I have a long list of match outcomes that look like this:

Team A beats Team B
Team B beats Team A
Team A beats Team B
Team C beats Team A
Team A beats Team C

问题:

预测任何一支球队击败其他任何一支球队的正确赔率.

Predict the correct betting odds of any team beating any other team.

在上面的示例中,也许我们得出结论:A应该在66%的时间内击败B.这是基于直接观察,非常简单.但是,要找到C击败B的可能性似乎很难.他们从未一起玩过,但似乎C> B的信心很低.

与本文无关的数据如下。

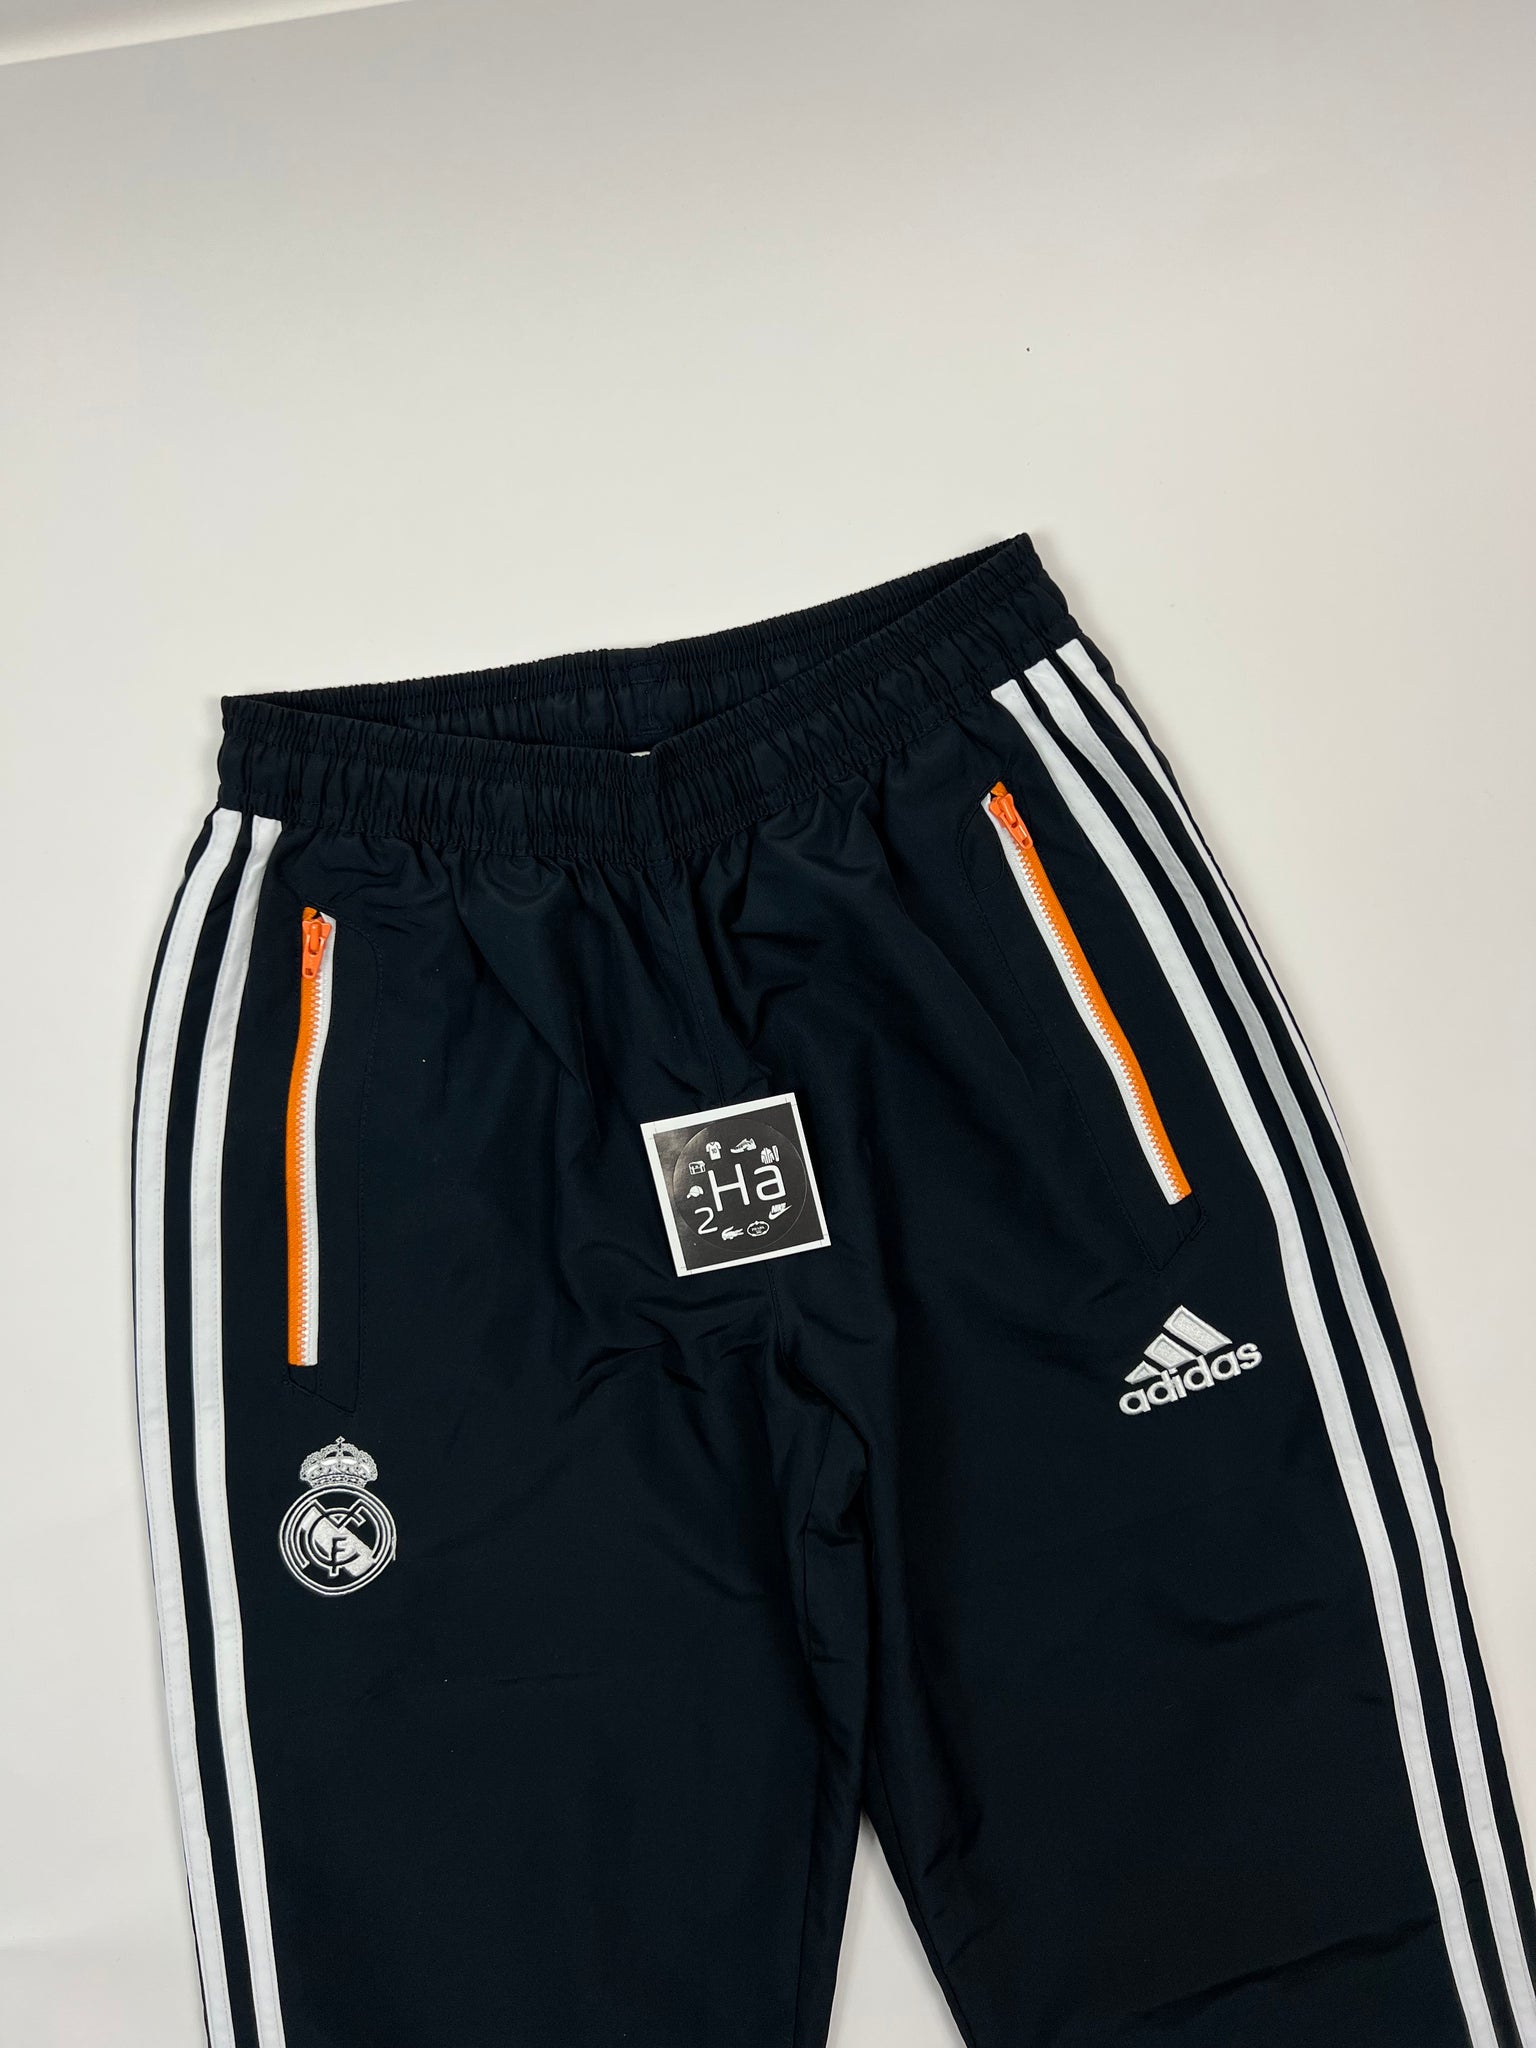 Adidas Real Madrid Tracksuit (Kids XL)

In the example above, maybe we conclude that A should beat B 66% of the time. That is based off direct observation and is pretty straightforward. However, finding the probability that C beats B seems harder. They've never played together, yet it seems like most likely that C > B, with some low confidence.

我完成的研究

我对技巧游戏的不同排名系统有相当的了解,例如国际象棋的Elo和Glicko评分系统.这些不足,因为它们对所涉及的概率分布进行了假设.例如,埃洛(Elo)的主要假设是,每个游戏中每个玩家的象棋表现都是正态分布的随机变量.但是,根据维基百科,还有其他分布可以更好地适合现有数据.

I've read a fair bit about different ranking systems for games of skill, such as the Elo and Glicko rating systems for Chess. These fall short because they make assumptions about the probability distributions involved. For example, Elo's central assumption was that the chess performance of each player in each game is a normally distributed random variable. However, according to wikipedia, there are other distributions that fit the existing data better.

我不想假设分配.在我看来,手头有10,000多个匹配结果,我应该能够从证据中推断分布(我不知道该怎么做),或者使用某种无关紧要的强化学习方案什么是分布.

I don't want to assume a distribution. It seems to me that with 10,000+ match results on hand that I should be able to either deduce the distribution from the evidence (I don't know how to do this), or use some sort of reinforcement learning scheme that doesn't care what the distribution is.

推荐答案

您希望对一个或多个概率进行最佳估计,并在有更多数据可用时不断更新估计.这就需要贝叶斯推断!贝叶斯推理基于这样的观察:假设B是个案乘以概率,则两件事物同时发生的概率A和B等于A的概率(分布).B是这种情况.公式形式:

You want to make a best estimate of a probability (or multiple probabilities) and continuously update your estimate as more data become available. That calls for Bayesian inference! Bayesian reasoning is based on the observation that the probability (distribution) of two things, A and B, being the case at the same time is equal to the probability (distribution) of A being the case given that B is the case times the probability that B is the case. In formula form:

P(A,B)= P(A | B)P(B)

P(A,B) = P(A|B)P(B)

还有

P(A,B)= P(B | A)P(A)

P(A,B) = P(B|A)P(A)

因此

P(A | B)P(B)= P(B | A)P(A)

P(A|B)P(B) = P(B|A)P(A)

将P(B)移到另一边,我们得到贝叶斯更新规则:

Take P(B) to the other side and we get the Bayesian update rule:

P(A | B)'= P(B | A)P(A)/P(B)

P(A|B)' = P(B|A)P(A)/P(B)

通常,A代表您要估算的任何变量(例如,团队x击败团队y"),而B代表您的观察结果(例如,团队之间获胜和输掉的比赛的完整历史记录).我写了质数(即 P(A | B)'中的引号)以表示等式的左手代表您的信念的更新.具体来说,您 new 根据到目前为止的所有观察结果估算的团队x击败团队y的概率,即给出的观察结果的概率您之前的估算值乘以您的先前的估算值除以查看您所看到的观察结果的总概率(即,不考虑团队之间相对实力的假设;一个团队在大多数情况下获胜)比两支球队获胜的几率均低).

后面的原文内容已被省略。